Multiple table join in hive

chhaya vishwakarma picture chhaya vishwakarma · Mar 13, 2015 · Viewed 46.2k times · Source

I have migrated Teradata tables' data into hive .

Now I have to build summary tables on top of imported data. Summary table needs to be built from five source tables

If I go with joins I'll need to join five tables is it possible in hive ? or should I break the query in five parts? what should be advisable approach for this problem?

Please suggest

Answer

StephenBoesch picture StephenBoesch · Mar 13, 2015

Five way joins in hive are of course possible and also (naturally) likely slow to very slow.

You should consider co-partitioning the tables on

  • identical partition columns
  • identical number of partitions

Other options include hints.
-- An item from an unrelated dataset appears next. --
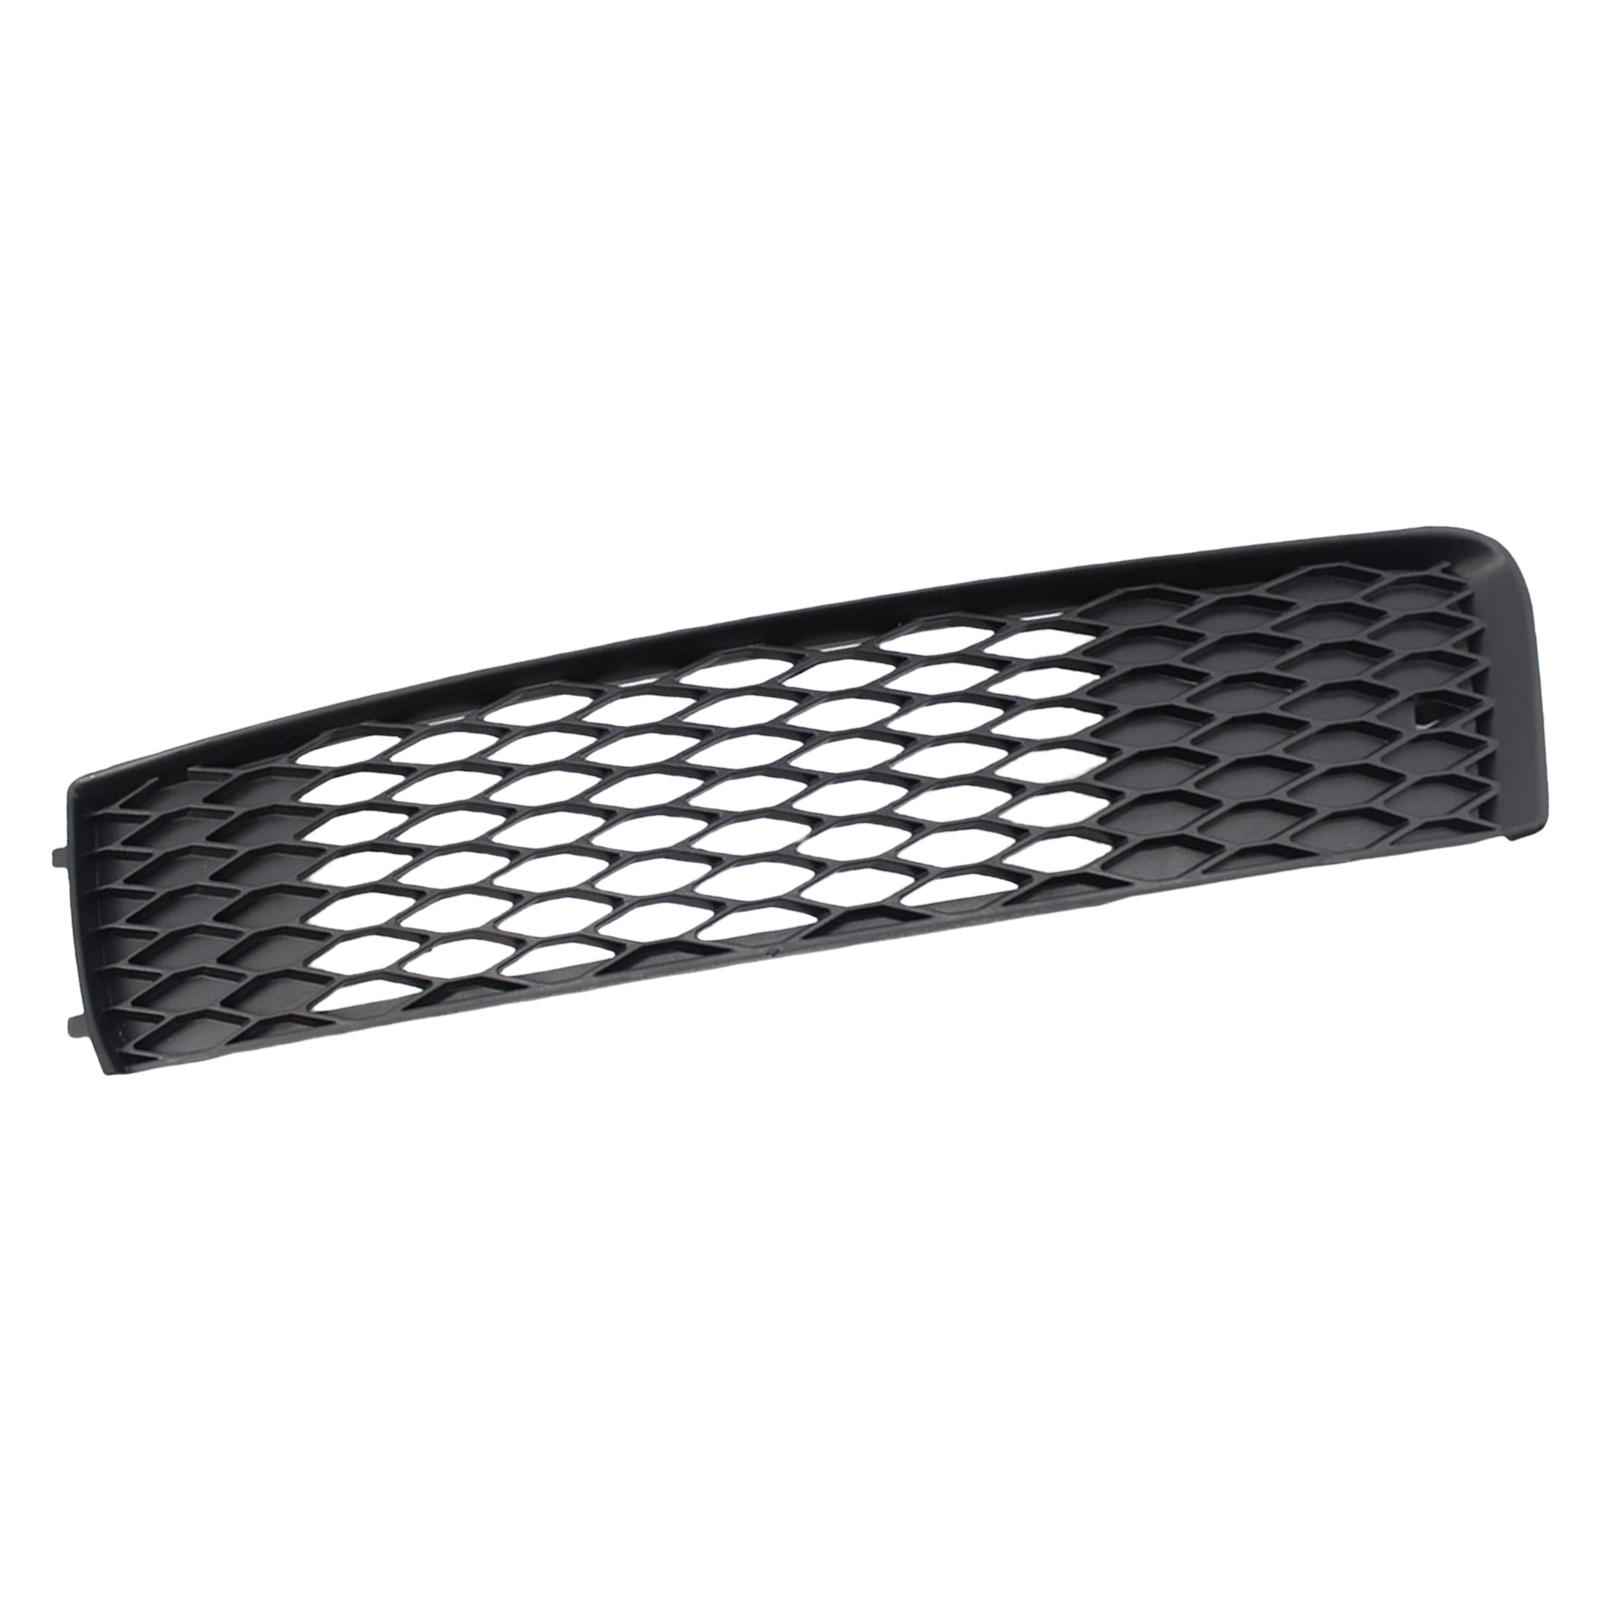 Front Bumper Grille Cover for Q7 2010-2015 Accessory Car

For example consider if one of the tables were large and the others small. You may then be able to use streamtble hint

Assuming a is large:

SELECT /*+ STREAMTABLE(a) */ a.val, b.val, c.val, d.val, e.val 
FROM a JOIN b ON (a.key = b.key1) JOIN c ON (c.key = b.key1) join d on (d.key = c.key) join e on (e.key = d.key)
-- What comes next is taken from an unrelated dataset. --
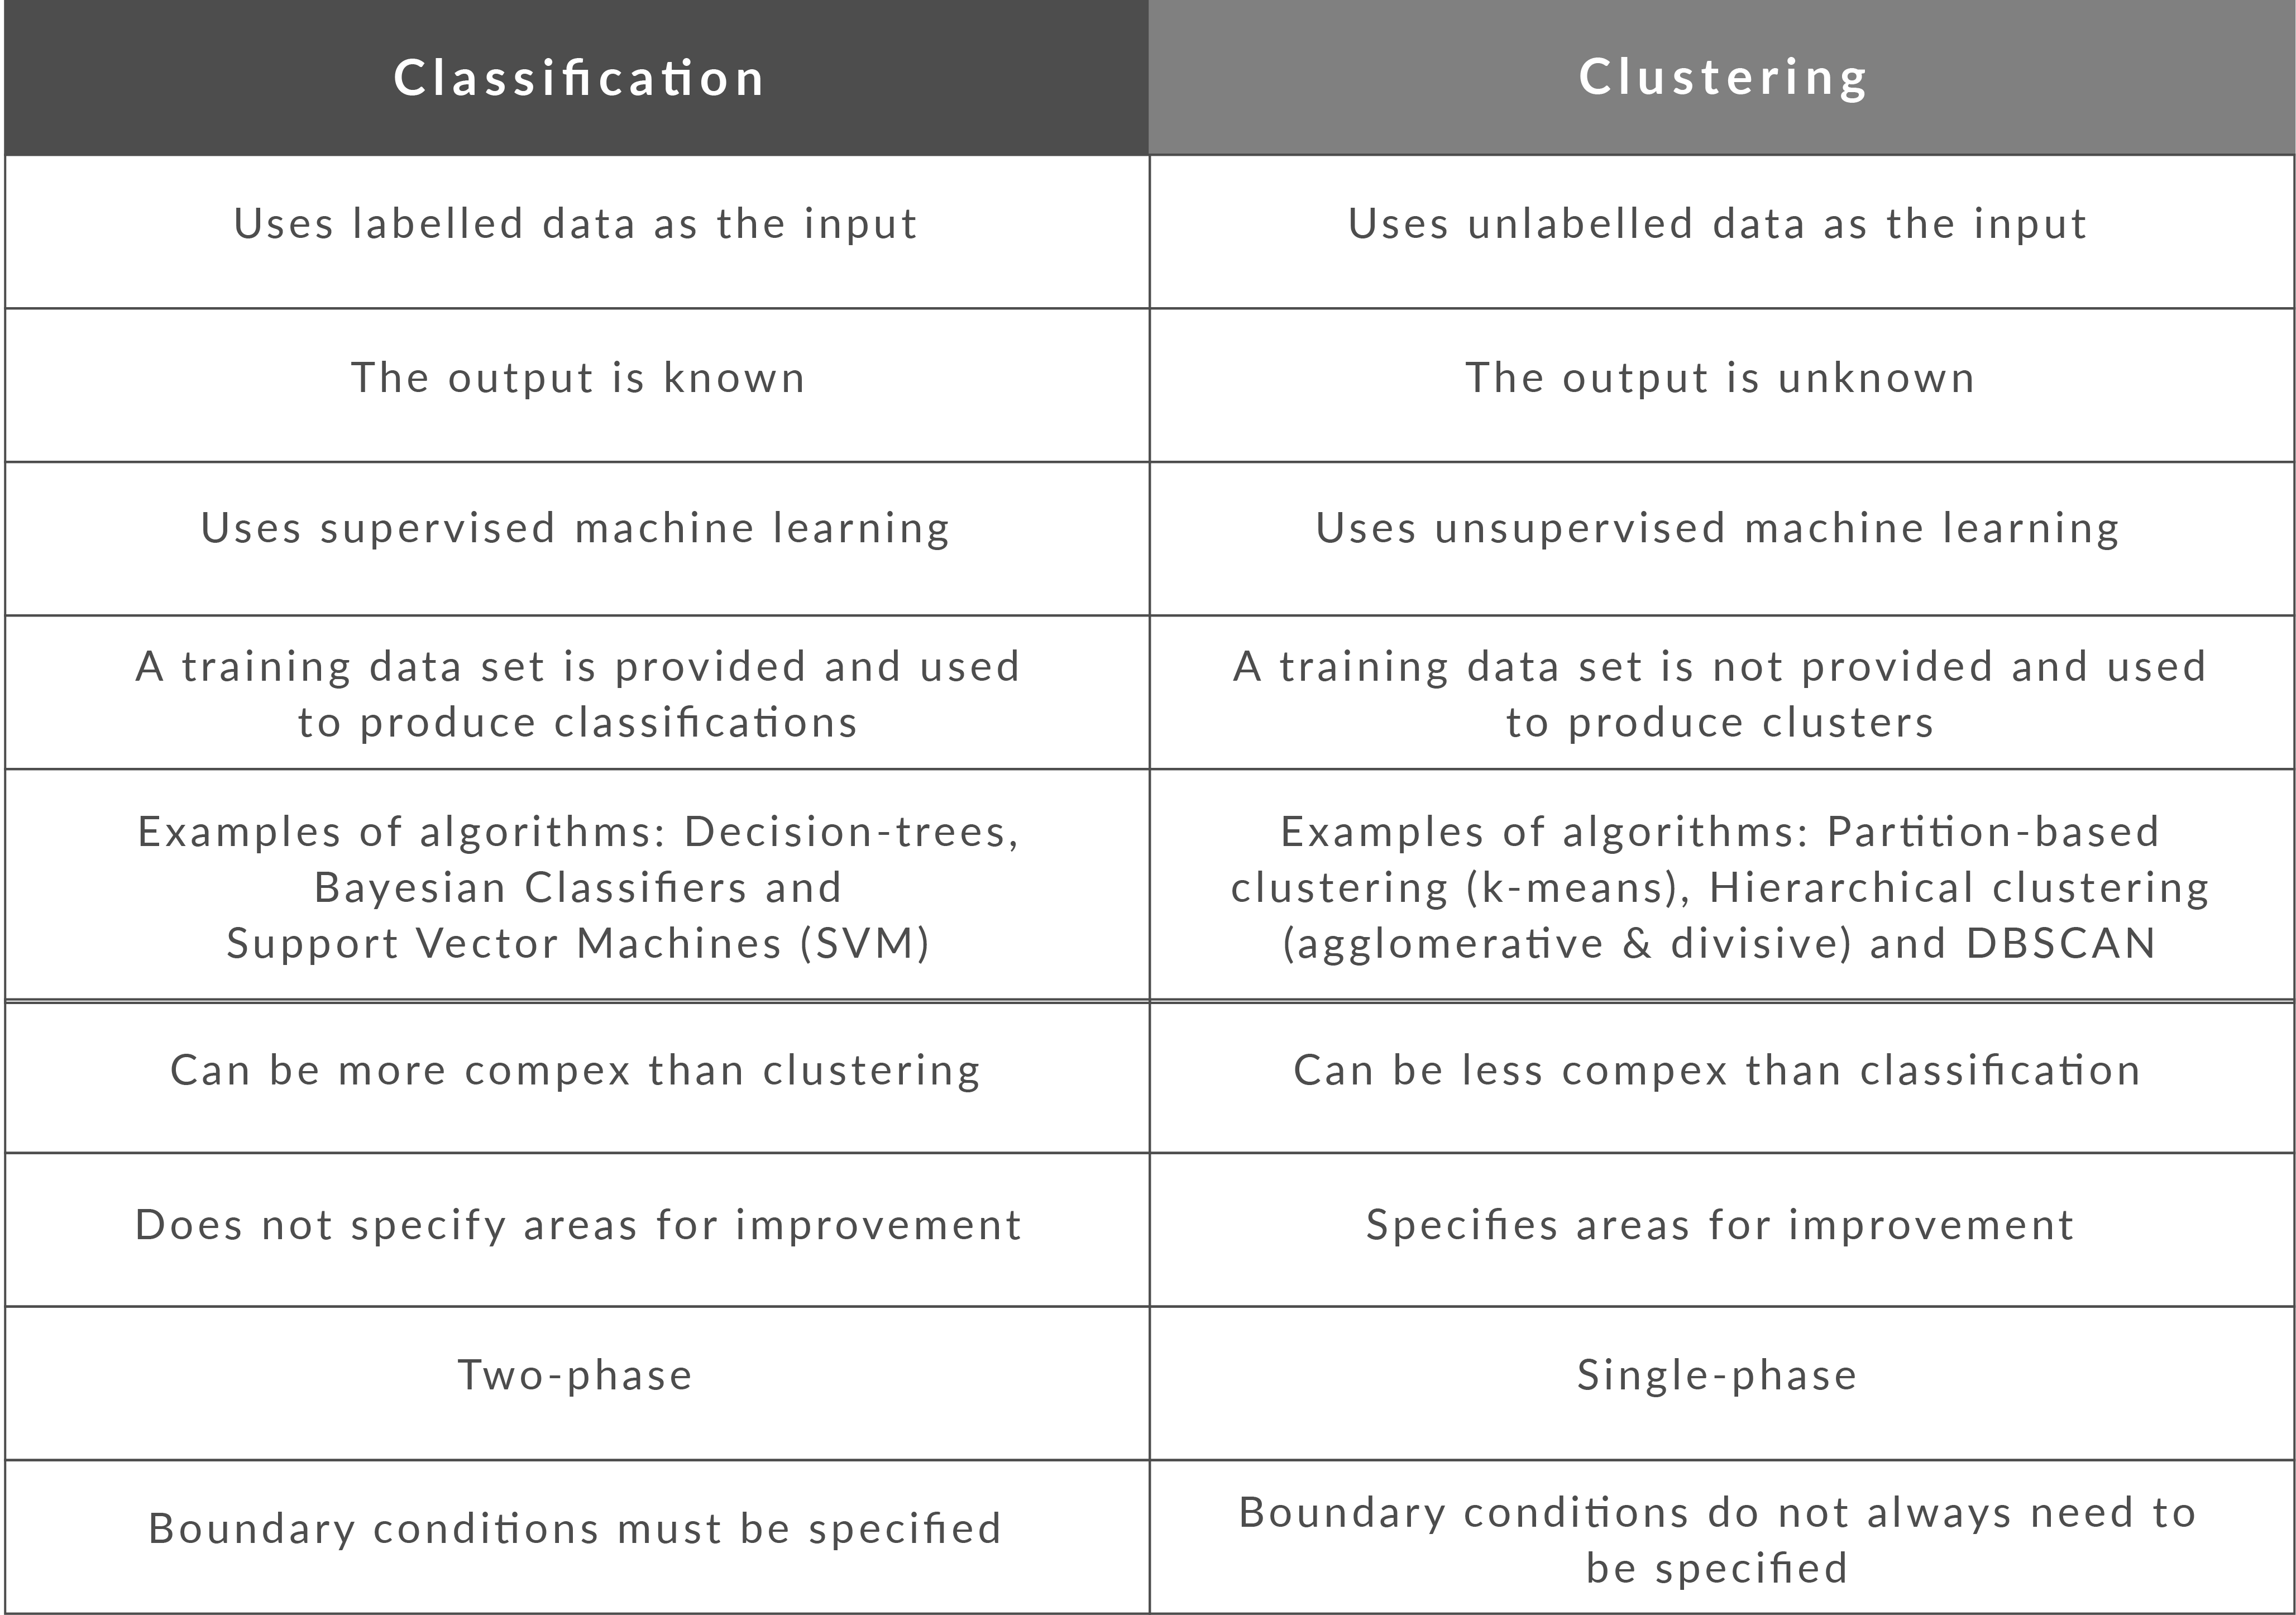 What are two differences between classification and clustering?

Adapted from : https://cwiki.apache.org/confluence/display/Hive/LanguageManual+Joins :

All five tables are joined in a single map/reduce job and the values for a particular value of the key for tables b, c,d, and e are buffered in the memory in the reducers. Then for each row retrieved from a, the join is computed with the buffered rows. If the STREAMTABLE hint is omitted, Hive streams the rightmost table in the join.

Another hint is the mapjoin that is useful to cache small tables in memory.

Assuming a is large and b,c,d,e are small enough to fit in memory of each mapper:

 SELECT /*+ MAPJOIN(b,c,d,e) */  a.val, b.val, c.val, d.val, e.val 
 FROM a JOIN b ON (a.key = b.key1) JOIN c ON (c.key = b.key1) 
 join d on (d.key = c.key) join e on (e.key = d.key)